JK1515 More than 1 year ago
Hmm...I can honestly say I have no opinion good or bad on this book. There were many interesting facets of this story, yet it was a little hard to follow along. This book has history, mystery, ancient curses, ghostly voices inside one's head, alchemy and body jumping bad guys. As I said, interesting facets of a story. There was a lot going on and the story felt busy in a good way. I wish the story wasn't so jumpy between Phillips and Miranda. It felt like a game of ping pong a little bit. I do like the idea of dual narration though. If you like history, then this book is for you. The author worked very hard at using an old history lesson and twisting it into a modern day story. I found the premise interesting. Okay folks, I think that is all I have to say about this book. It will be out 09/04/2012 if you want to venture a historical fantasy read.

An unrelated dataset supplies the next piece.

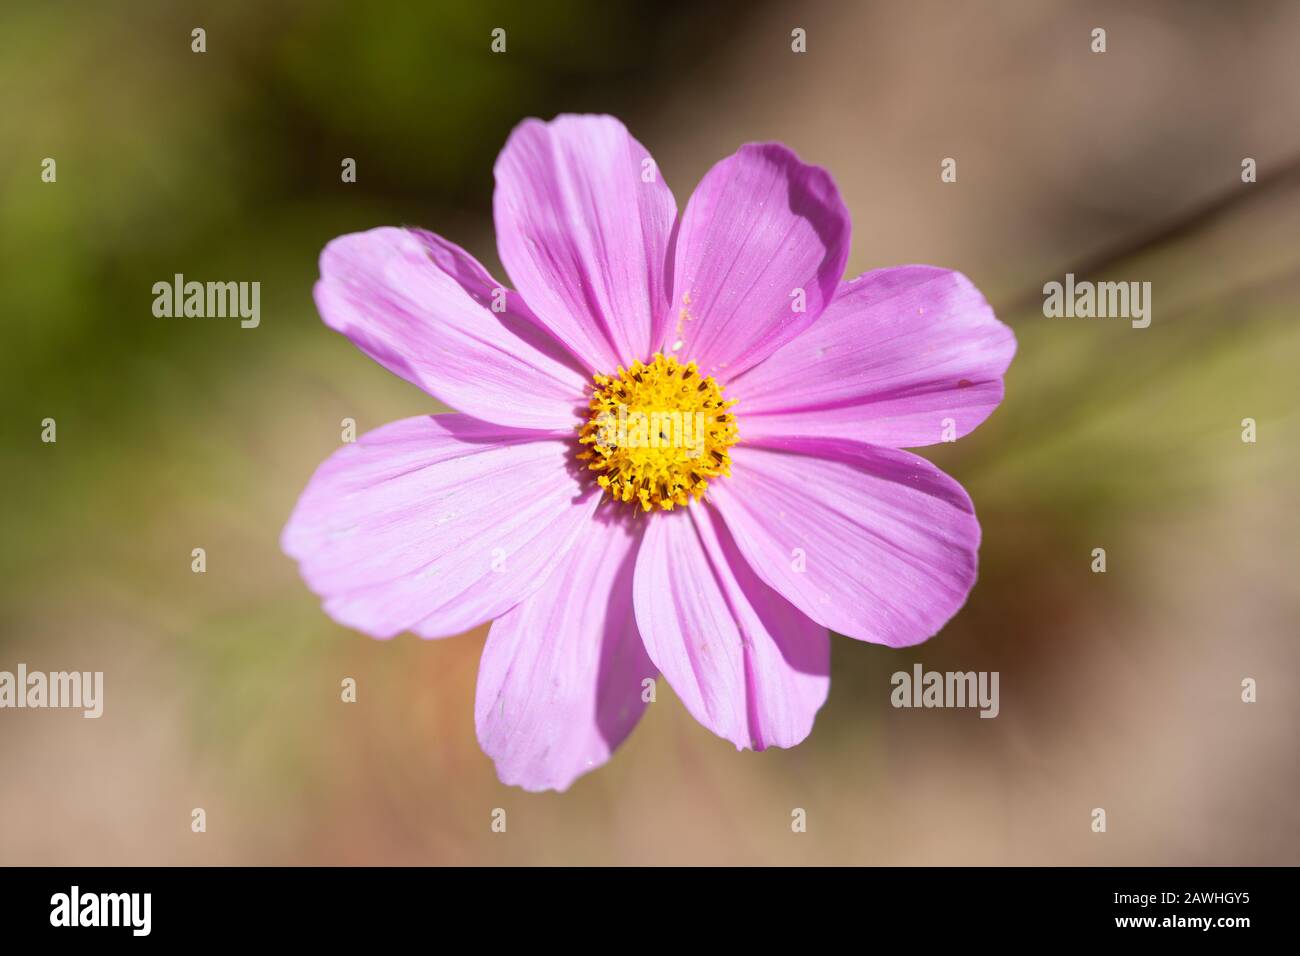 Vue de dessus d'une fleur de couleur rose du jardin ou du Cosmos mexicain - Cosmos bipinnatus - sur un fond flou. Banque D'Images

PrettyInFiction More than 1 year ago
Blackwood by Gwenda Bond is about the lost colony of Roanoke and what happens when present day inhabitants of the island go missing. It's told in the alternating perspectives of Miranda Blackwood, youngest member of the cursed Blackwood family, and Phillips Rawling, the police chief's son who has a dark secret of his own. With a storyline jam packed full of history's mysteries, fans of suspense are sure to enjoy Blackwood. I enjoyed reading Blackwood. I found the writing to be reminiscent of L.J. Smith's books. Which is funny, because there is a lot of talk in Blackwood about The Vampire Diaries. Though it's the show, not the books, they're speaking of. It did make me giggle, though. In fact, there were quite a few pop culture references throughout Blackwood. Usually, that sort of thing is hit or miss for me. Sometimes too many references to movies or tv shows can kill the story for me. But in Blackwood, it just works. I found it really helped me connect with the characters. Miranda is a tough heroine. She's faced with this title of traitor, thinks she's destined to help the evil trying to take over Roanoke Island, but she never once stops fighting. Phillips is a great character. I fell in love with him from the very first second he shows up in the novel, climbing back into his dorm room window after pulling a prank on the principal of his boarding school. Miranda calls him her hero, but the truth is they are equals in their quest to save their home. I really enjoyed reading about both of their characters. Also, I adored Miranda's dog Sidekick. He's so cute! Blackwood is a fantastic paranormal thriller that reminded me of the show The 4400 at times. It's suspenseful and will keep you mystified until the very end. I'd recommend it to fans of paranormal romance or anyone interested in reading one author's explanation of the unexplained occurrences that took place on Roanoke Island over four hundred years ago.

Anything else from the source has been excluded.